Assim, ao longo dos últimos 30 anos, passou a ser cada vez mais frequente a utilização de diferentes instrumentos e tipos de avaliações, como diagnósticos sobre públicos-alvo de programas, painéis de indicadores de monitoramento, avaliações de implementação e análises de resultados e impactos de iniciativas do governo federal, de alguns estados e de municípios de maior porte. Esse avanço institucional da avaliação foi acompanhado de um importante alargamento das perspectivas analíticas e metodológicas do campo, de modo a atender de forma mais apropriada a diversidade e complexidade das intervenções públicas .

A discussão sobre critérios e valores avaliativos, contudo, está pouco presente nas comunidades epistêmica e de práticas do campo. É revelador, nesse sentido, que o conjunto de critérios proposto pela OCDE (Organização para a Cooperação e Desenvolvimento Econômico) para avaliação de projetos de desenvolvimento seja pouco referido e usado de forma completa no Brasil, embora seja empregado, por exemplo, entre as agências multilaterais das Nações Unidas há três décadas. Essa proposta foi formulada por um comitê de especialistas em 1991, reunidos sob os auspícios da OCDE, para se constituir em um marco referencial conciso, universal e adaptável nos estudos avaliativos então em forte ascensão pelo mundo. Segundo a proposta, a avaliação de projetos sociais, programas e políticas públicas deveria considerar pelo menos cinco dimensões analíticas ou valorativas: eficácia, efetividade, eficiência, relevância e sustentabilidade .

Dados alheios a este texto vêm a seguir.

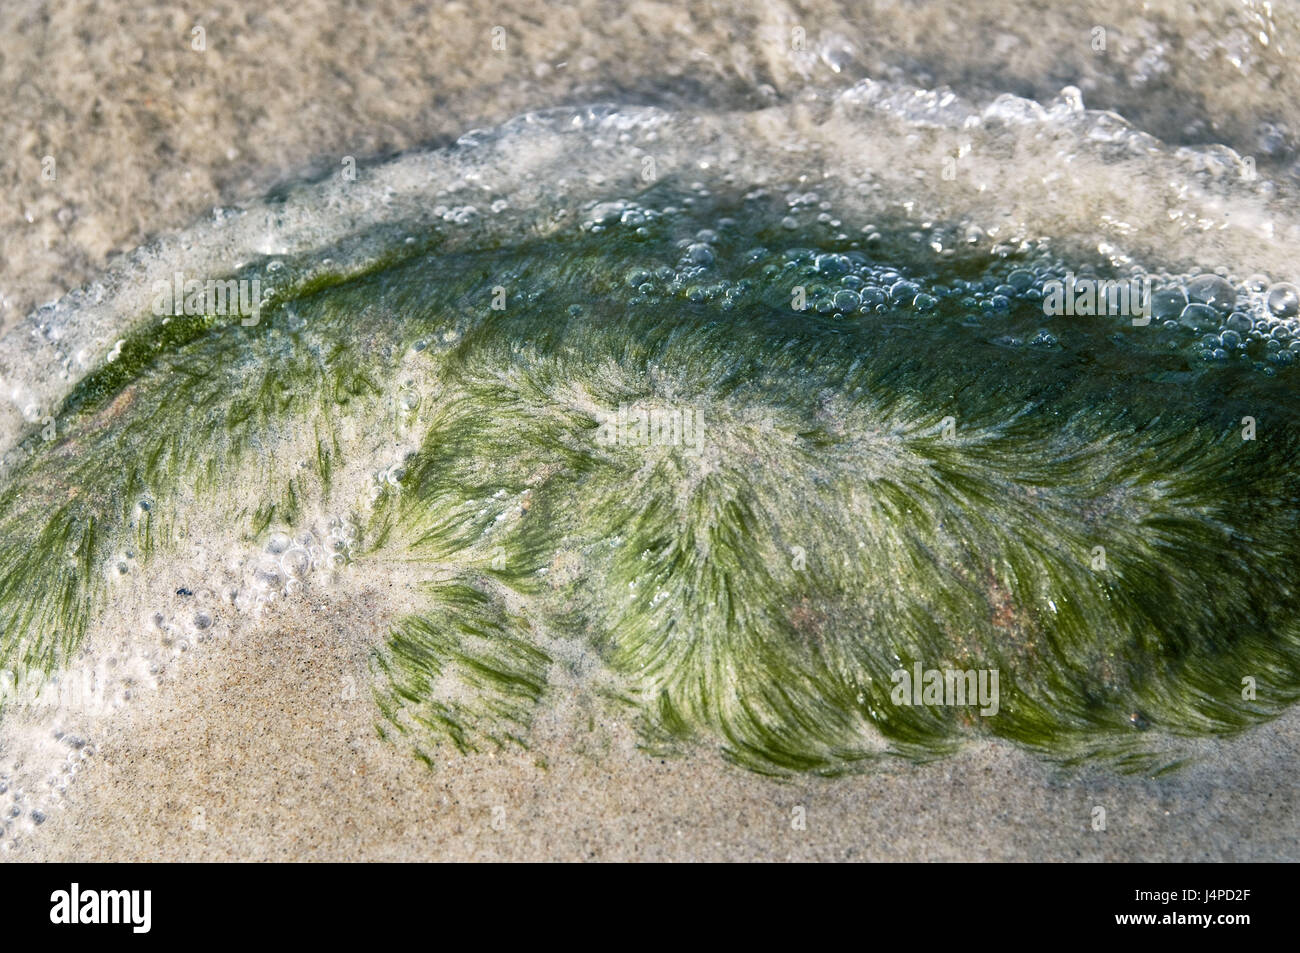 Beach, Sand, rock, algae, water, close up, Stock Photo

Três dessas dimensões — eficácia, efetividade e eficiência — são bem conhecidas no Brasil, ainda que não tão regularmente aplicadas de forma conjunta em pesquisas avaliativas no país. De forma simplificada, a eficácia de um programa ou projeto é um atributo relacionado ao grau de cumprimento de seus objetivos ou de atendimento da demanda motivadora do programa. A efetividade diz respeito aos efeitos de médio e longo prazo sobre os beneficiários e a sociedade, direta ou indiretamente atribuíveis ao programa ou projeto. A eficiência, por outro lado, está associada à forma como os recursos são utilizados na produção dos resultados do programa.

No contexto de restrição fiscal dos próximos anos, avaliações orientadas por um conjunto mais plural de critérios — como relevância e sustentabilidade — podem oferecer argumentação robusta para a continuidade de programas ou de seus componentes

Meta-análises de avaliações realizadas nos últimos 15 anos no Brasil permitem identificar esses três critérios em vários programas públicos. O Bolsa Família é um desses programas, reconhecido por sua eficácia em atender às famílias mais pobres e pela efetividade relevada em termos dos efeitos em educação e saúde das crianças e em outras dimensões sociais . Também é um programa eficiente, considerando sua escala, o baixo erro de inclusão de famílias menos pobres e o custo administrativo para sua gestão e controle. Outro exemplo vem do programa Mais Médicos, que, no curto tempo em que operou, revelou-se eficaz no atendimento primário de saúde à população de pequenos municípios no Norte e Nordeste, assim como de periferias das grandes metrópoles, até então desassistidas desse serviço essencial . Tivesse durado mais tempo, sua efetividade em termos de melhoria dos indicadores de saúde seria mais evidente. Mais um caso de programa escrutinizado por avaliações com foco nos três critérios mais usuais no país foi o Água Para Todos. Ele é conhecido pela instalação de cisternas no semiárido, tendo se revelado eficaz na cobertura da população demandante e efetivo nos seus efeitos sobre condições de vida e saúde das famílias beneficiárias. Carece, no entanto, de maior eficiência em suas operações, com uma estrutura de governança mais articulada entre governos federal, estaduais e municipais .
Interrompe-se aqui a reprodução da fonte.